What you should do >>
Give all of the listing again word for word, with images excluded.
[Source material — start]
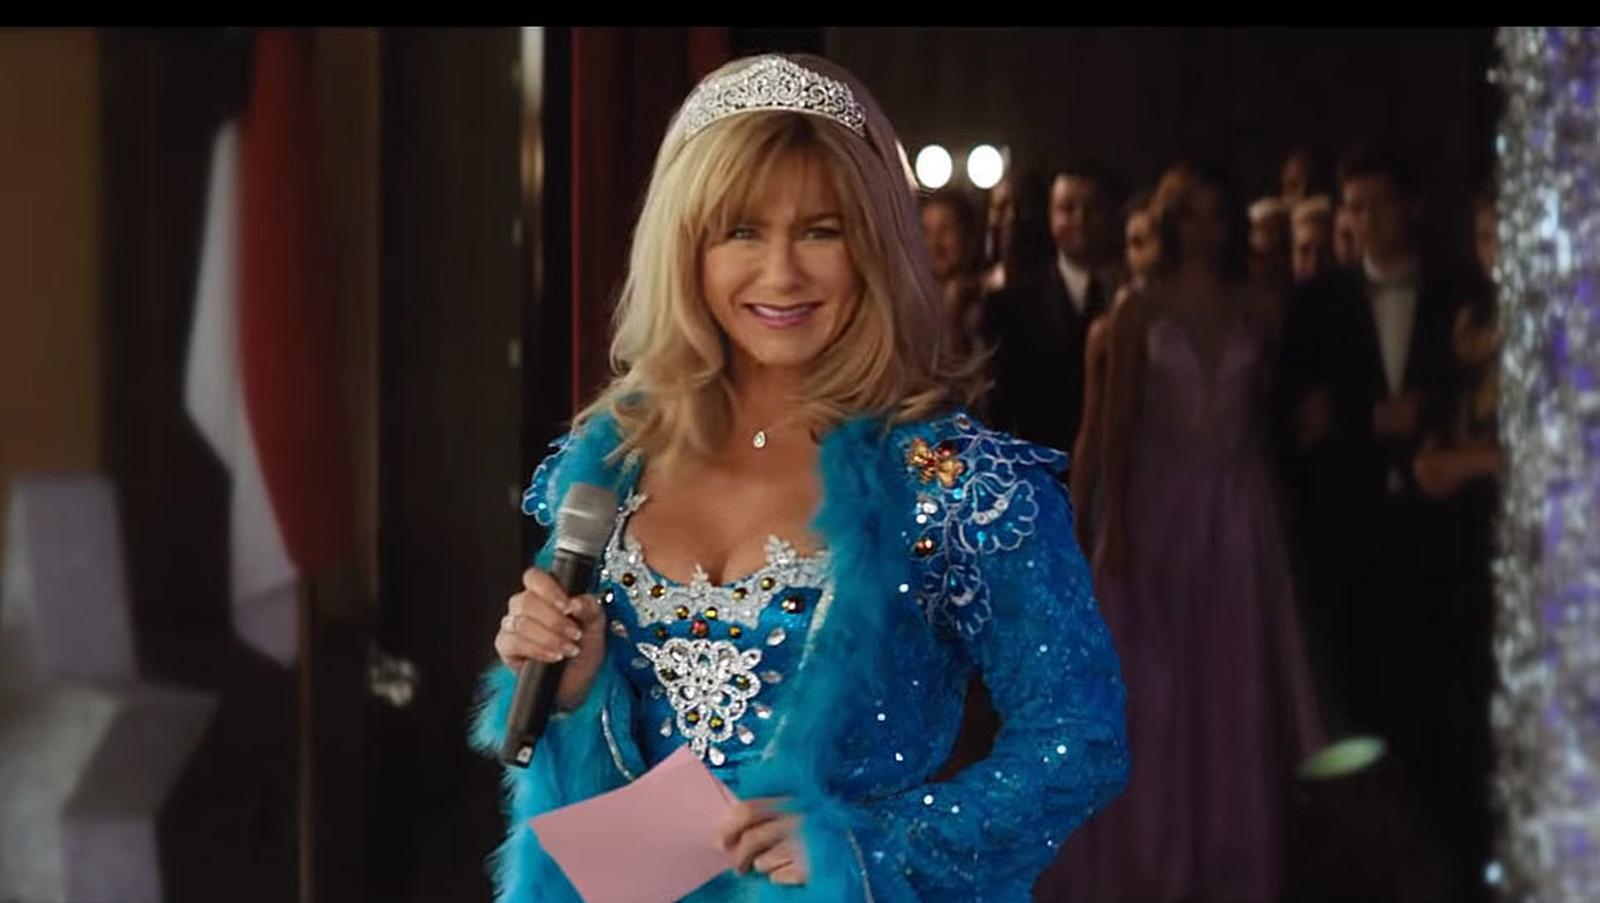 Jennifer Aniston plays Texan pageant queen in Netflix film Dumplin'
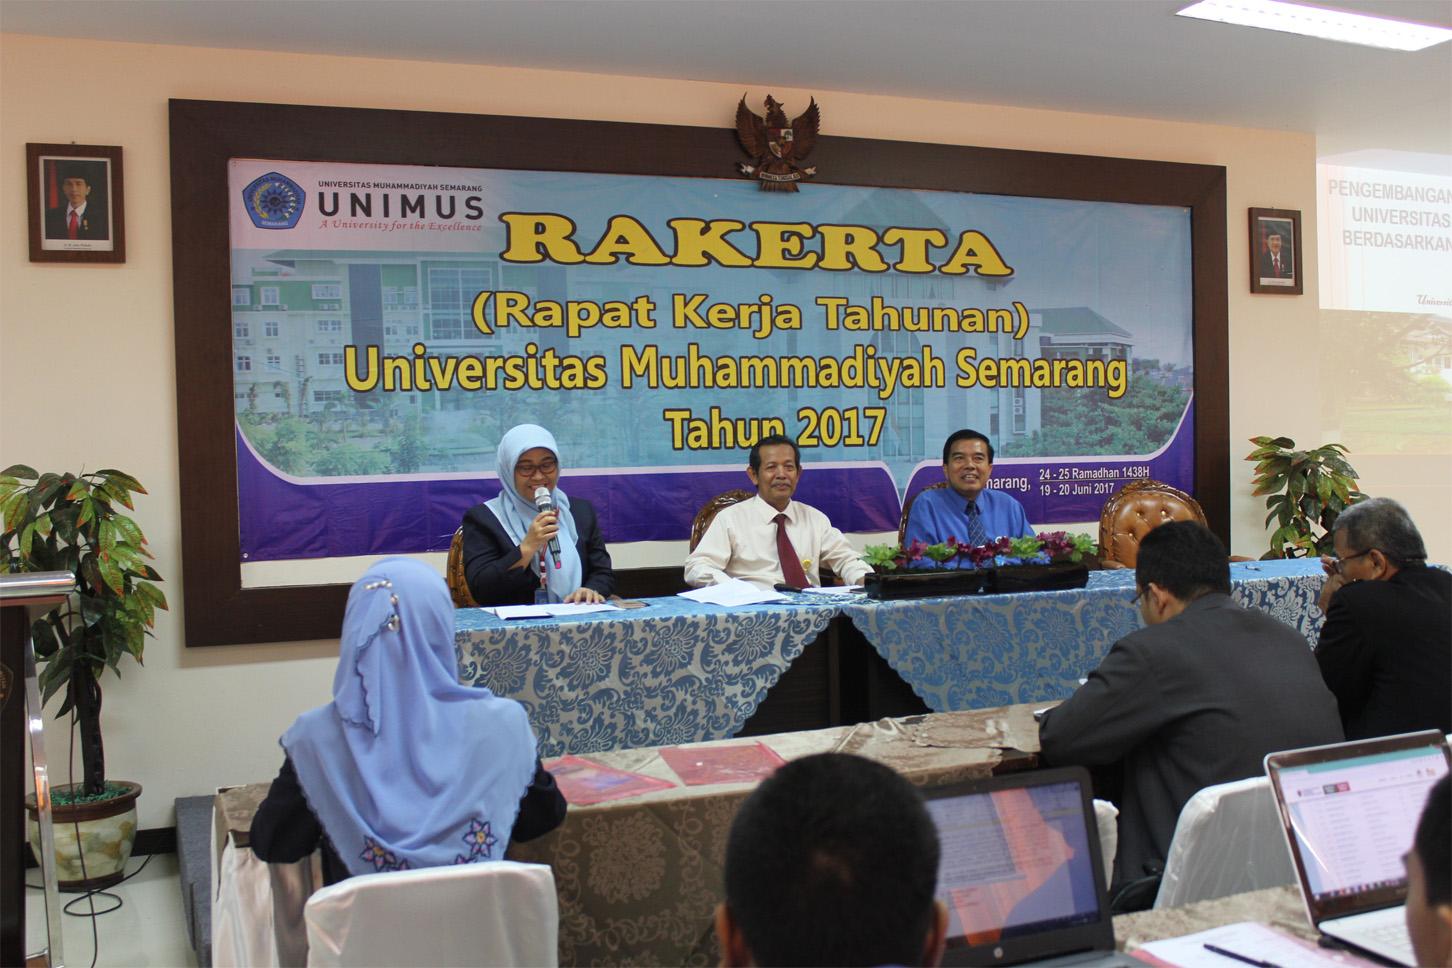 Dari Kiri: Wakil Rektor I Unimus dalam sesi diskusi tentang Pengembangan akademik menuju World Class University
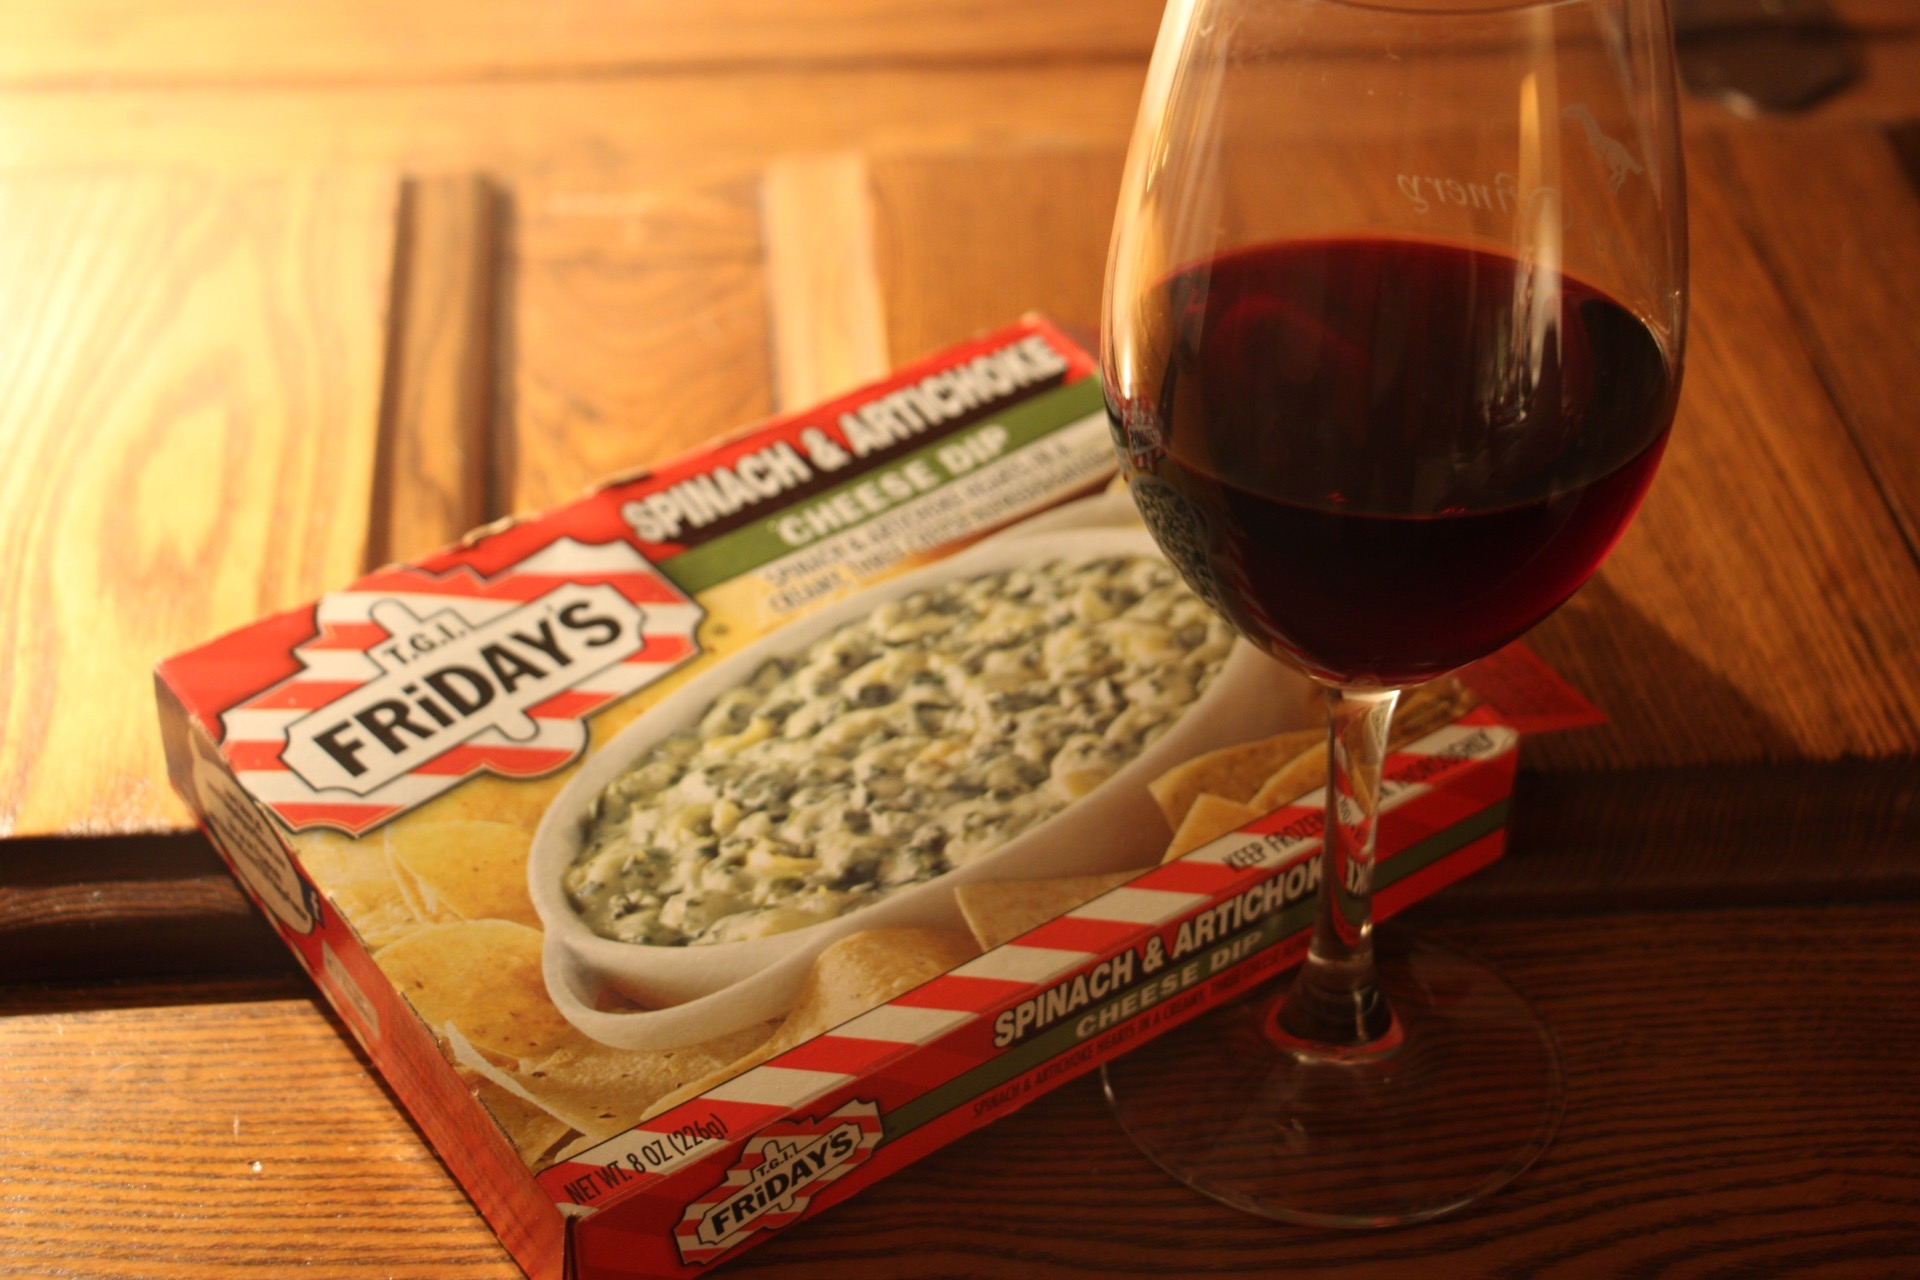 the wine idiot trader joe's wine reviews valreas cuvee prestige cotes du rhone villages red table wine
[Source material — finish]
Result of this task >>
 Jennifer Aniston plays Texan pageant queen in Netflix film Dumplin'
 Dari Kiri: Wakil Rektor I Unimus dalam sesi diskusi tentang Pengembangan akademik menuju World Class University
 the wine idiot trader joe's wine reviews valreas cuvee prestige cotes du rhone villages red table wine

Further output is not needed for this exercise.